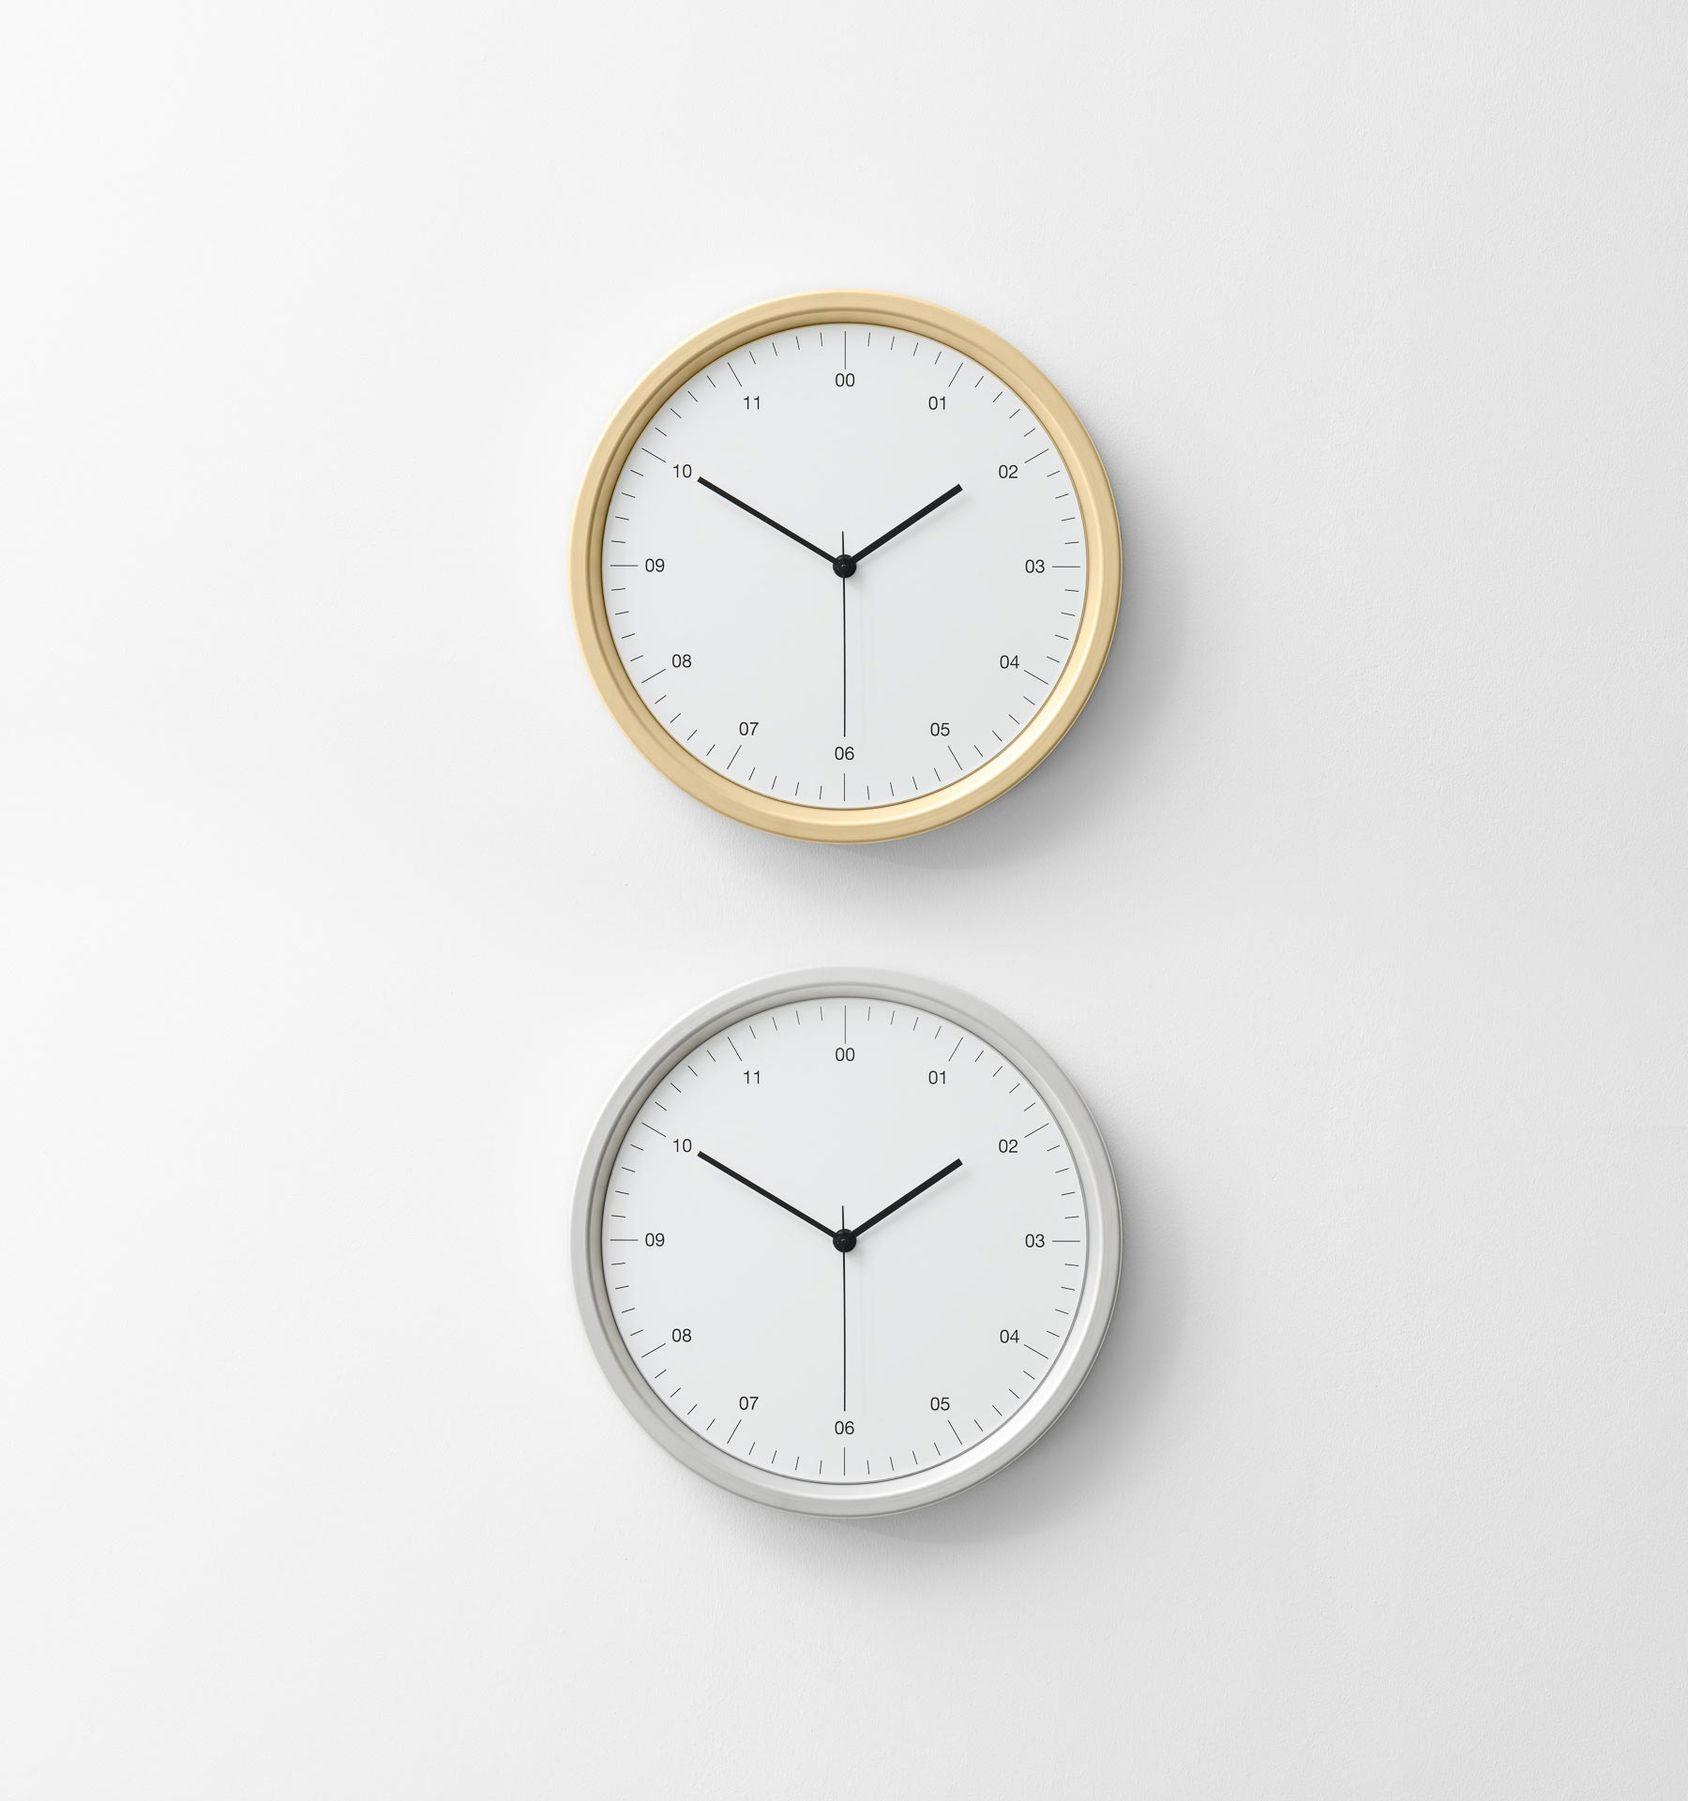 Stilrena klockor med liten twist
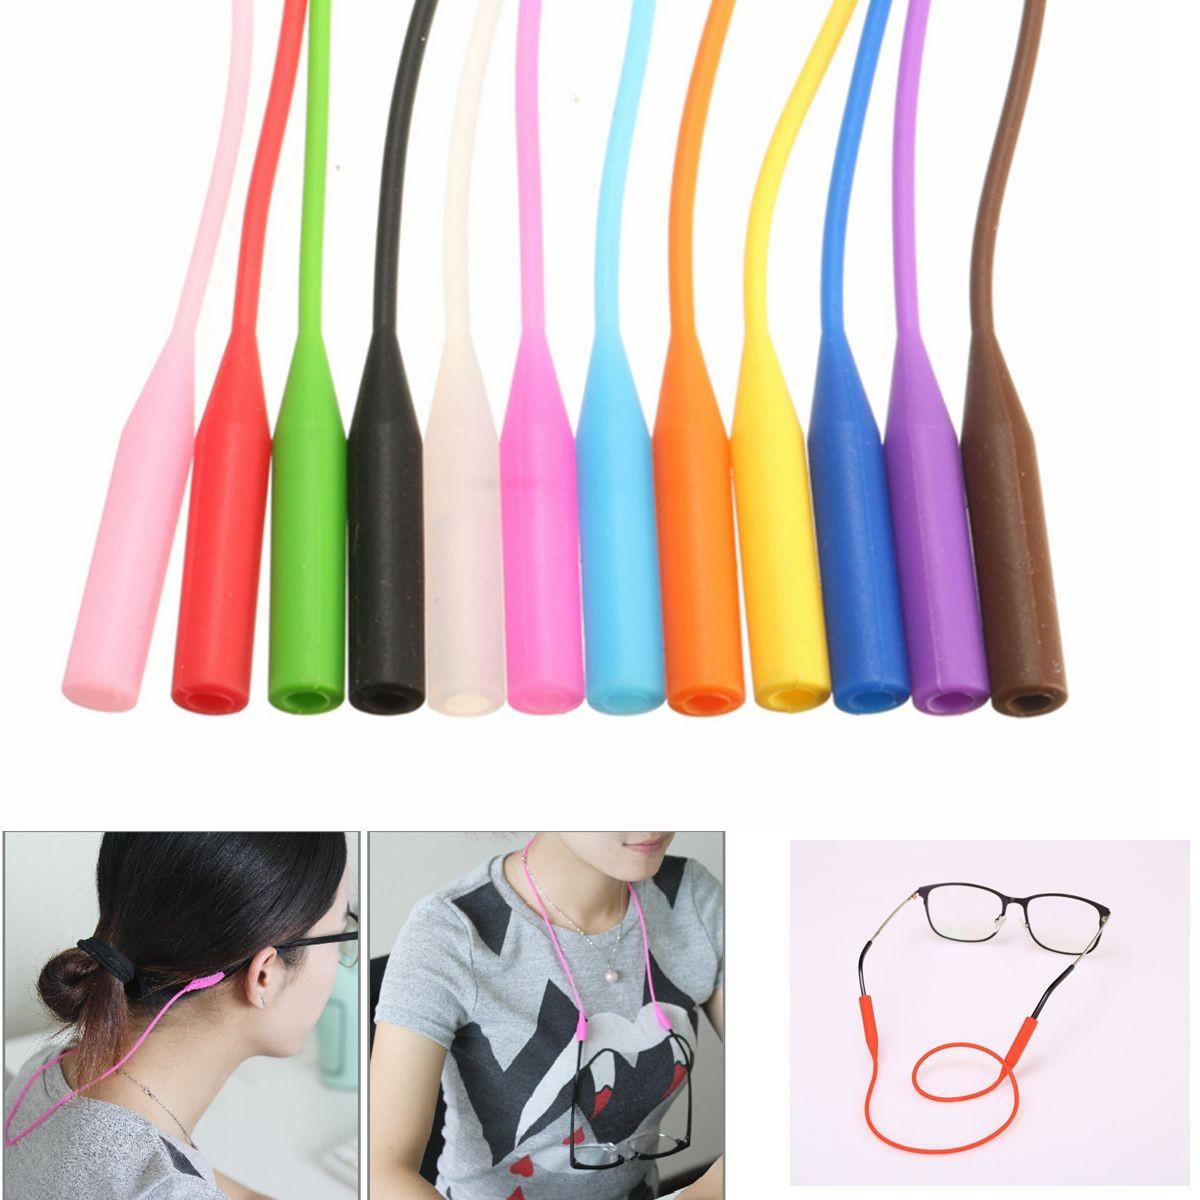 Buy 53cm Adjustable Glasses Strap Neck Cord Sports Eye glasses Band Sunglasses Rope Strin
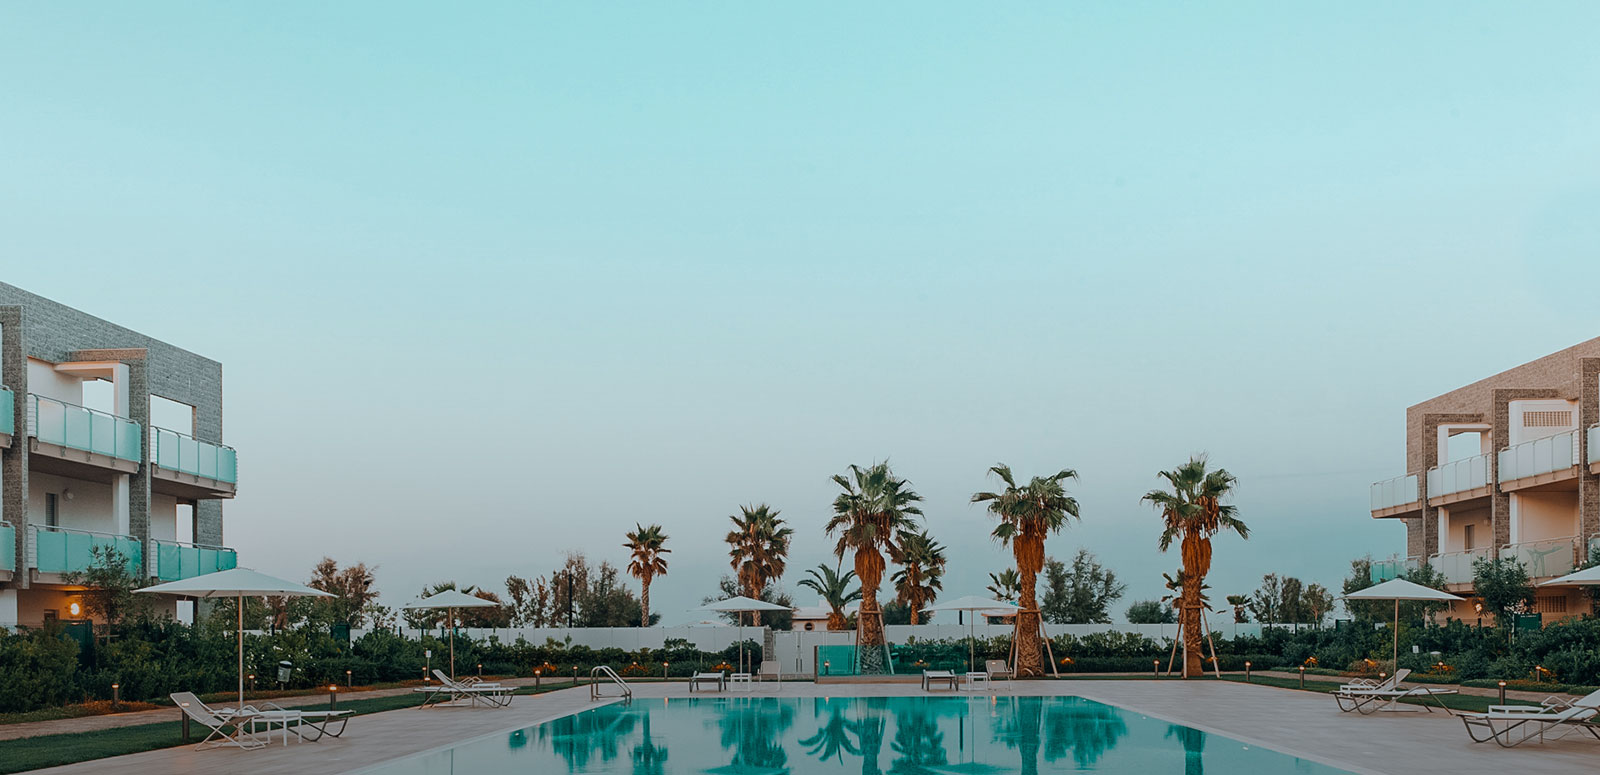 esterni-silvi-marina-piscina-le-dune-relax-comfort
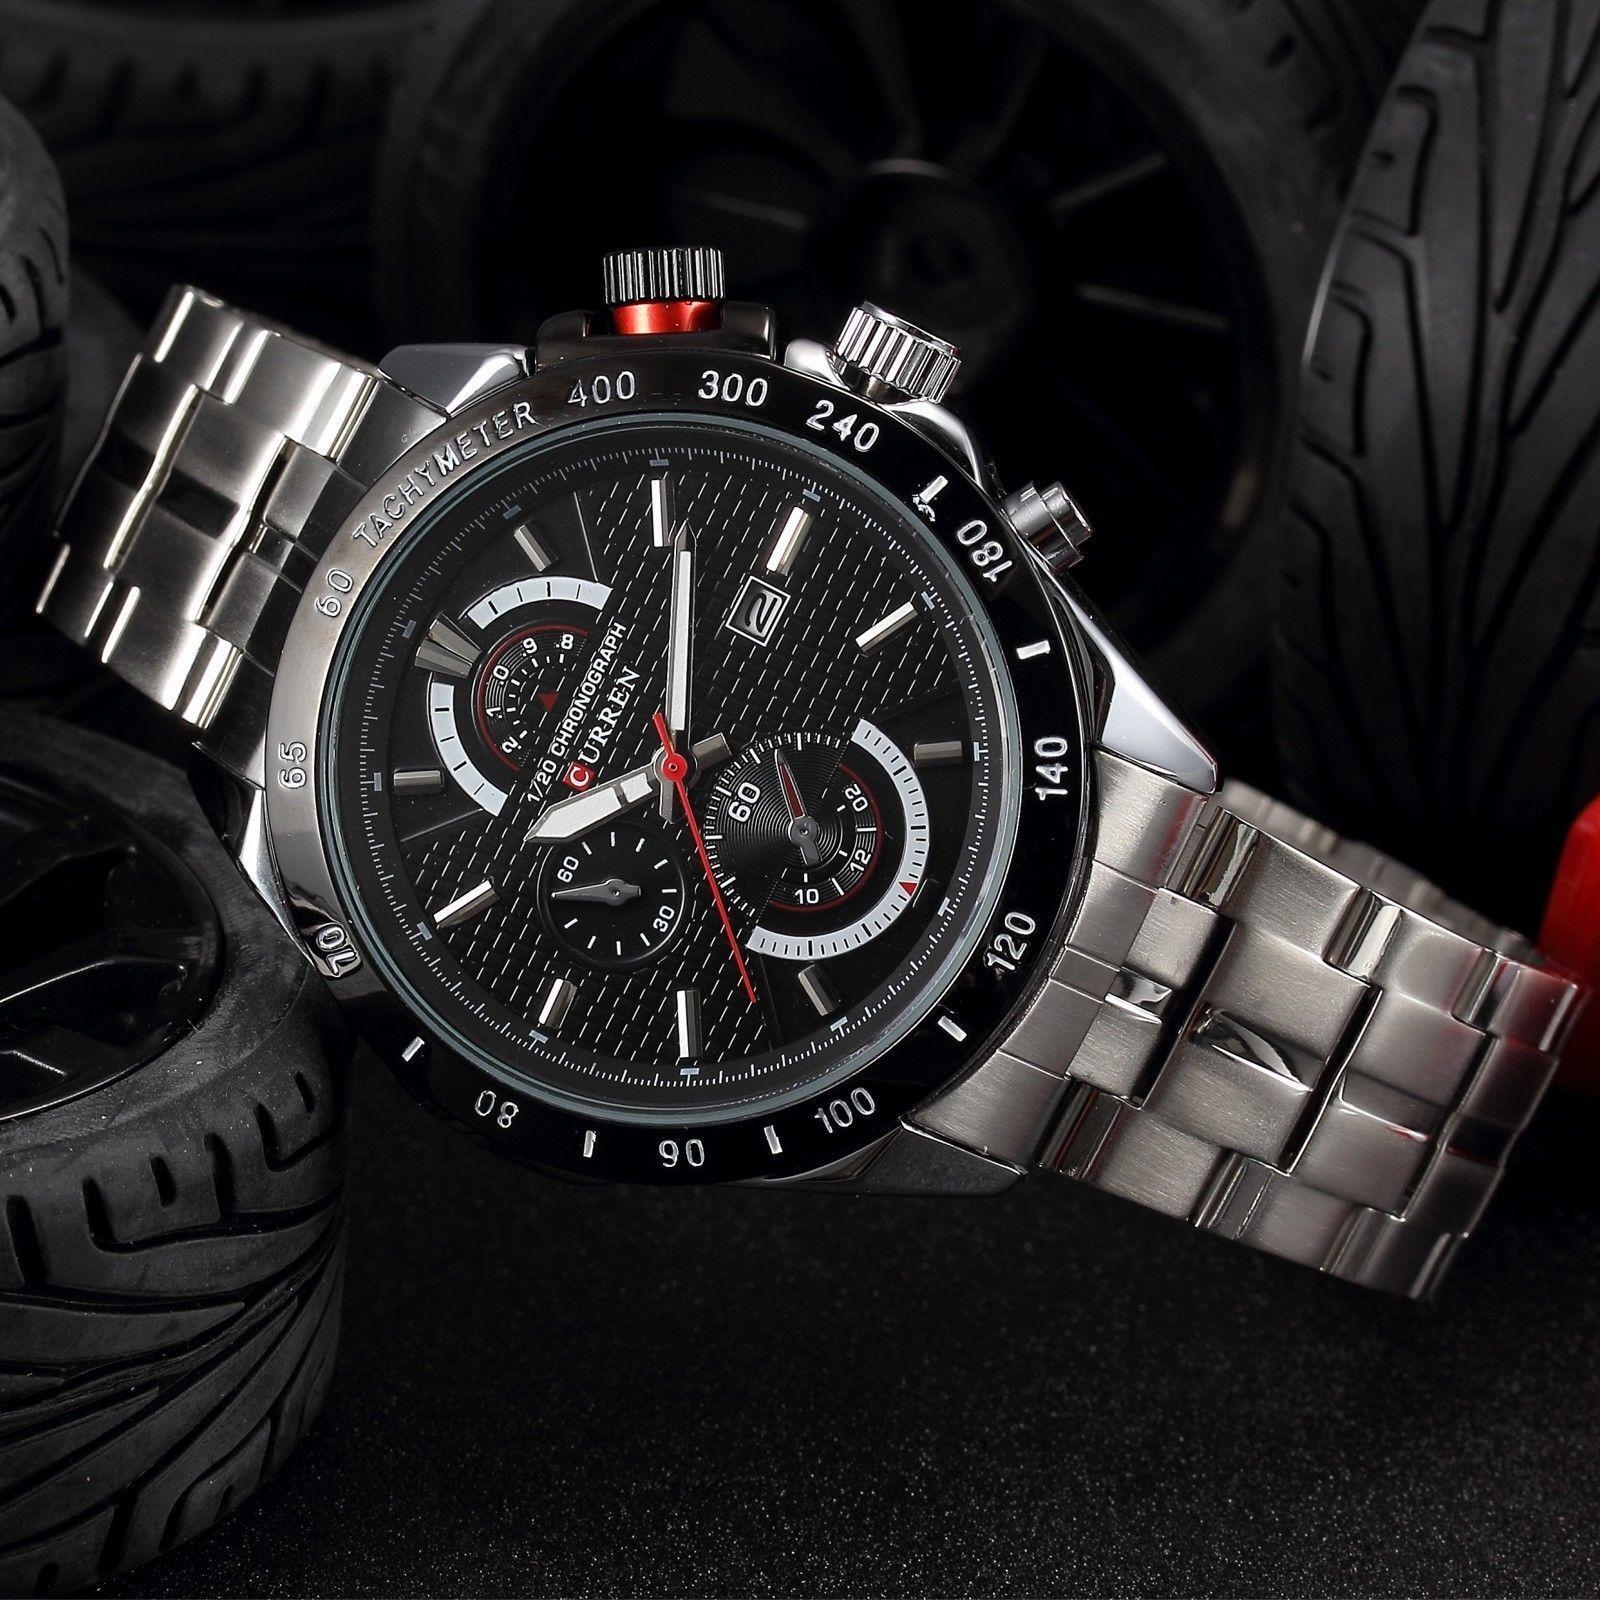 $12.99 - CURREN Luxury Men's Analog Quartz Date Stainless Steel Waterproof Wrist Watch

§ **YOUR ASSIGNMENT**
Word for word, restate the lines from the line containing "esterni-silvi-marina-piscina-le-dune-relax-comfort" through the end of the data, including the first and last of them. Pictures stay out.

§ **ANSWER SECTION**
 esterni-silvi-marina-piscina-le-dune-relax-comfort
 $12.99 - CURREN Luxury Men's Analog Quartz Date Stainless Steel Waterproof Wrist Watch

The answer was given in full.